→ WORK REQUEST:
Copy only the lines from the one with "جهاز كاشير برنامج" through the end of the records, exactly as they stand. No pictures belong in the copy.

→ DATA PROVIDED:
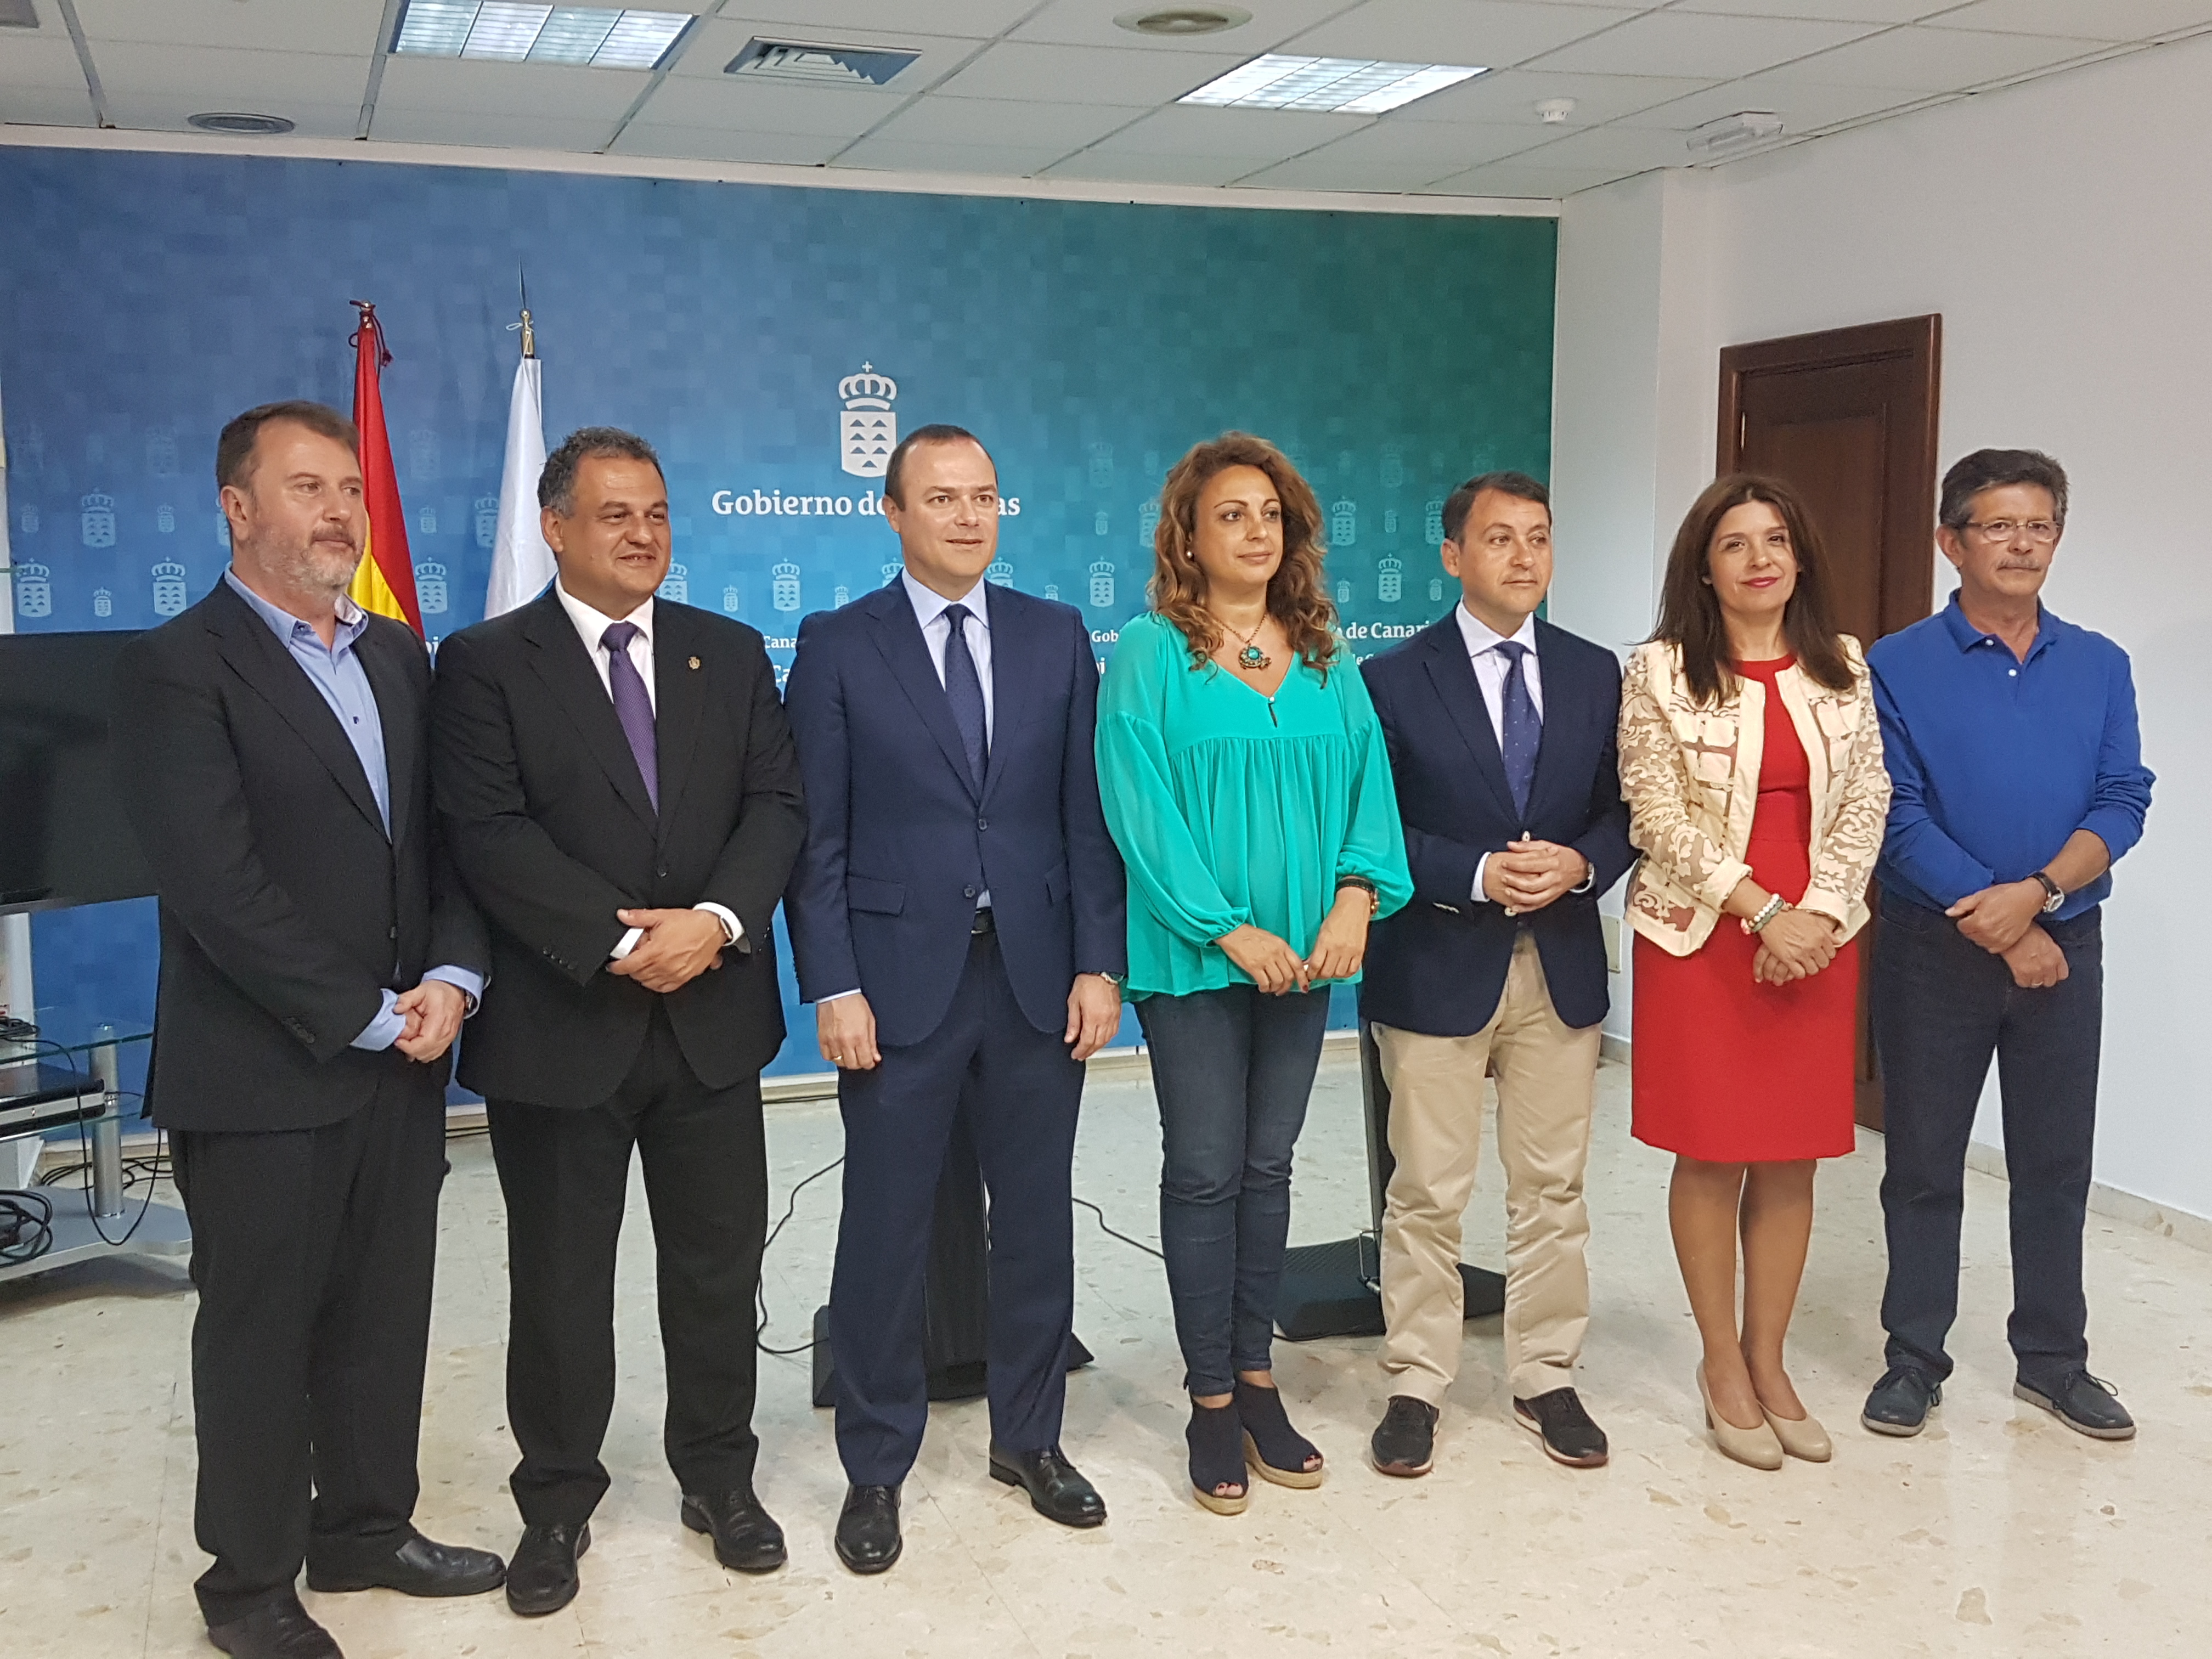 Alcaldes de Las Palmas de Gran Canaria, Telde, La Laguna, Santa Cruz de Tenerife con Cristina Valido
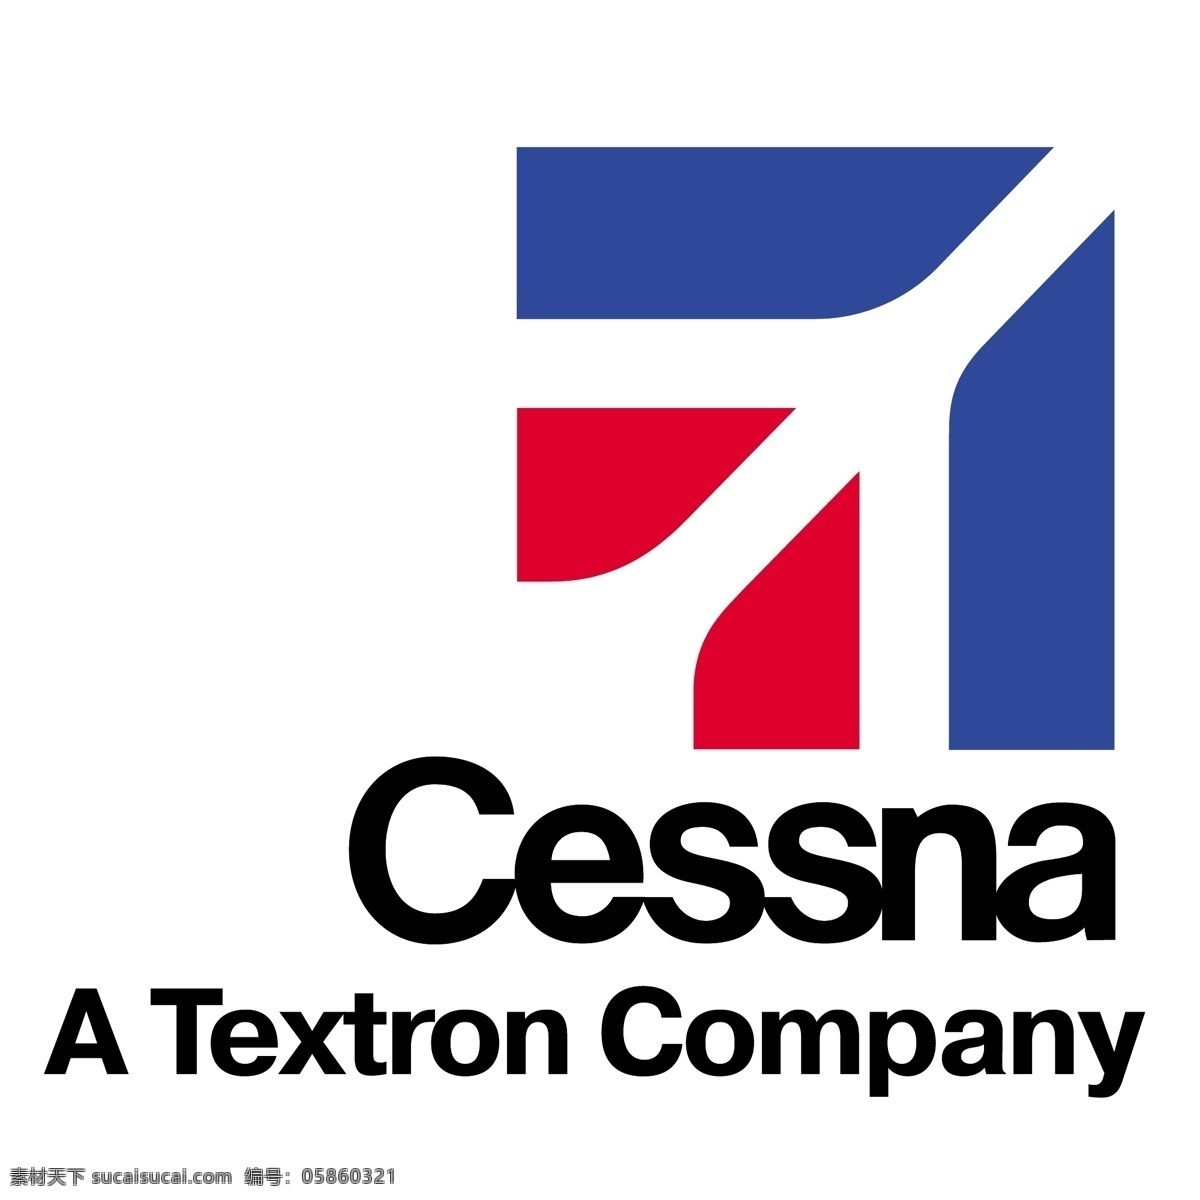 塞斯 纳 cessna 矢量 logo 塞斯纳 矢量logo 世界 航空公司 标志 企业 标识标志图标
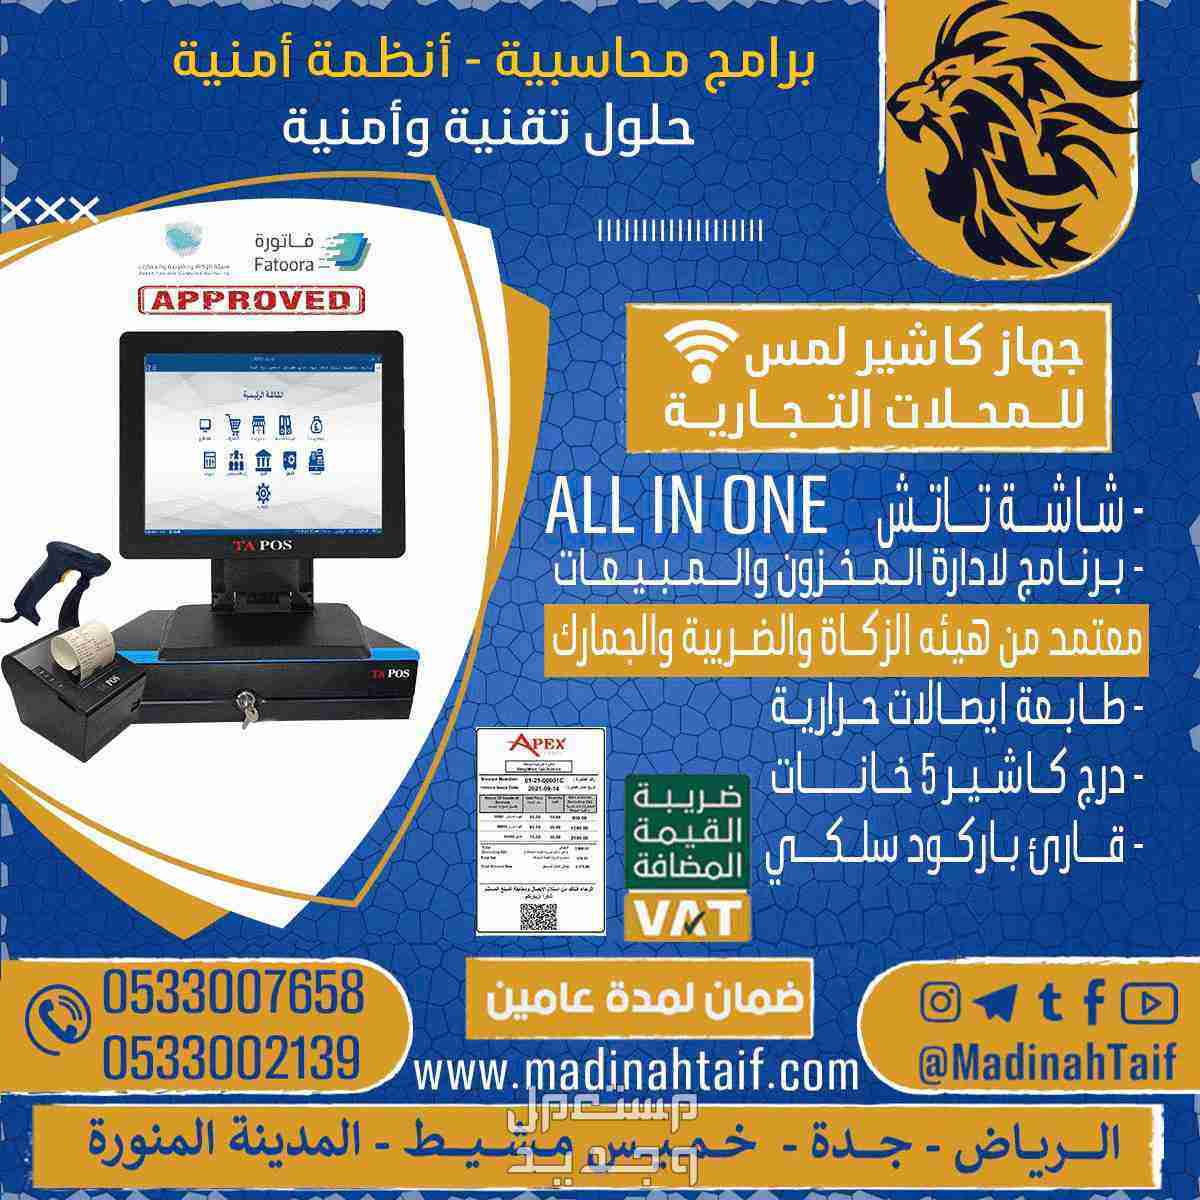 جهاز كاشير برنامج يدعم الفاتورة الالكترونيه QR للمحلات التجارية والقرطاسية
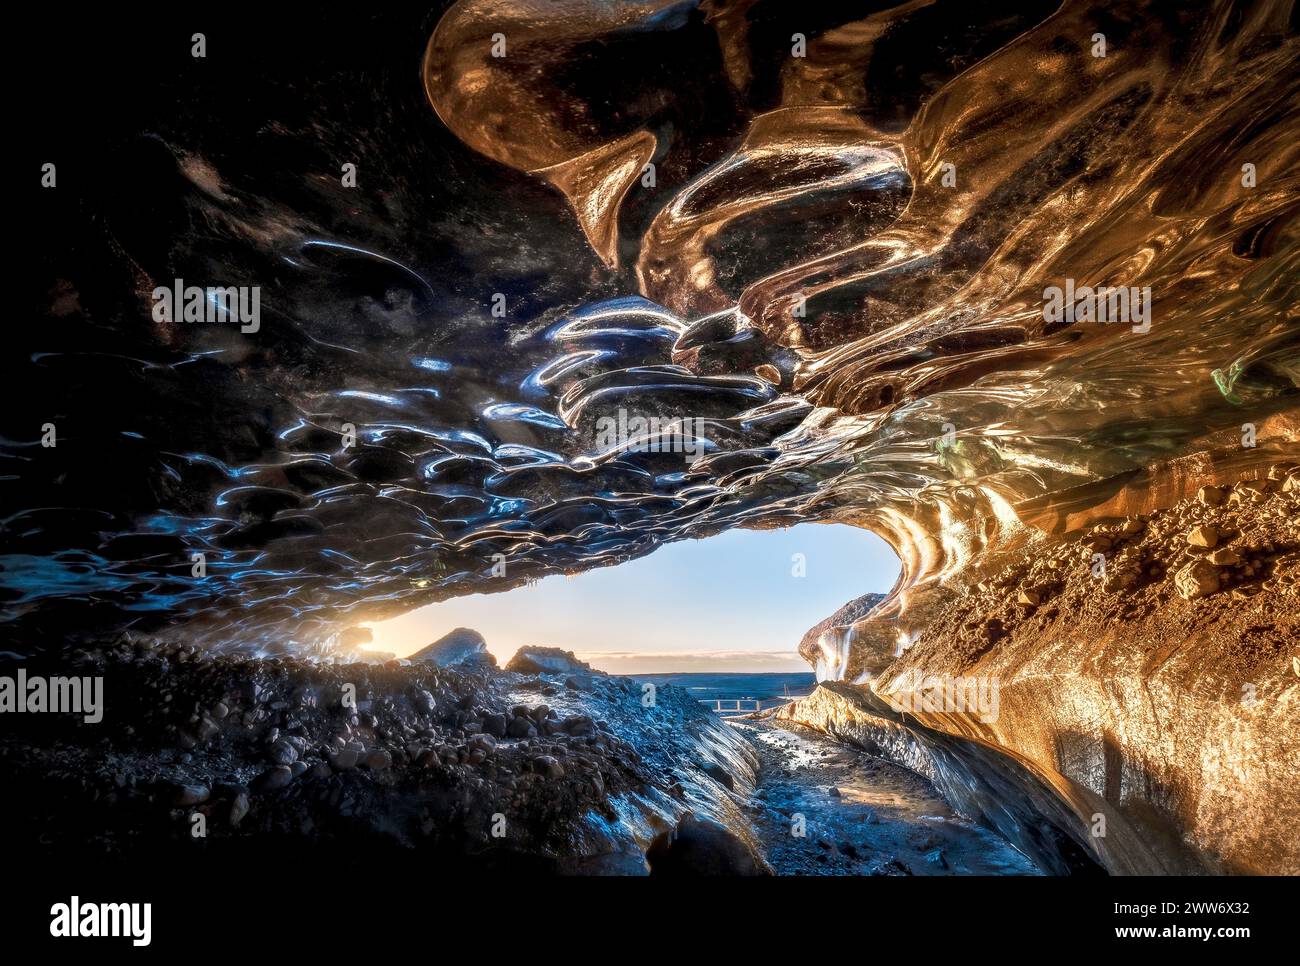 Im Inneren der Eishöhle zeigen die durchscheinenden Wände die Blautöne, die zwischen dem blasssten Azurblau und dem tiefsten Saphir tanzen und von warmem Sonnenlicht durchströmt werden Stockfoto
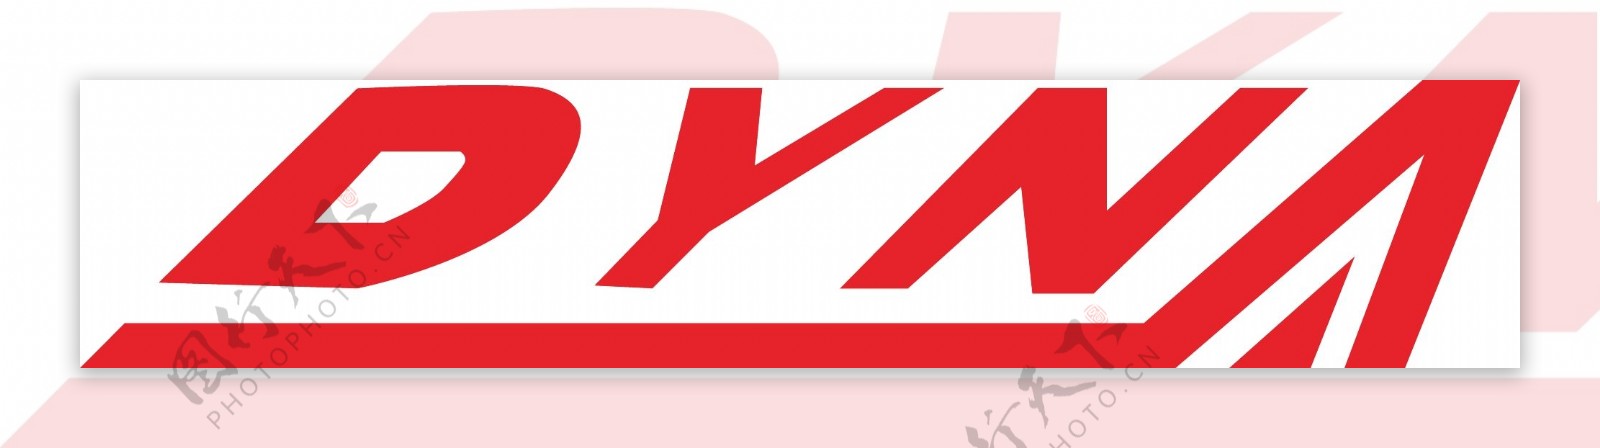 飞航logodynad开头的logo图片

→ FINISHED TASK:
 جهاز كاشير برنامج يدعم الفاتورة الالكترونيه QR للمحلات التجارية والقرطاسية
 Im Inneren der Eishöhle zeigen die durchscheinenden Wände die Blautöne, die zwischen dem blasssten Azurblau und dem tiefsten Saphir tanzen und von warmem Sonnenlicht durchströmt werden Stockfoto
 飞航logodynad开头的logo图片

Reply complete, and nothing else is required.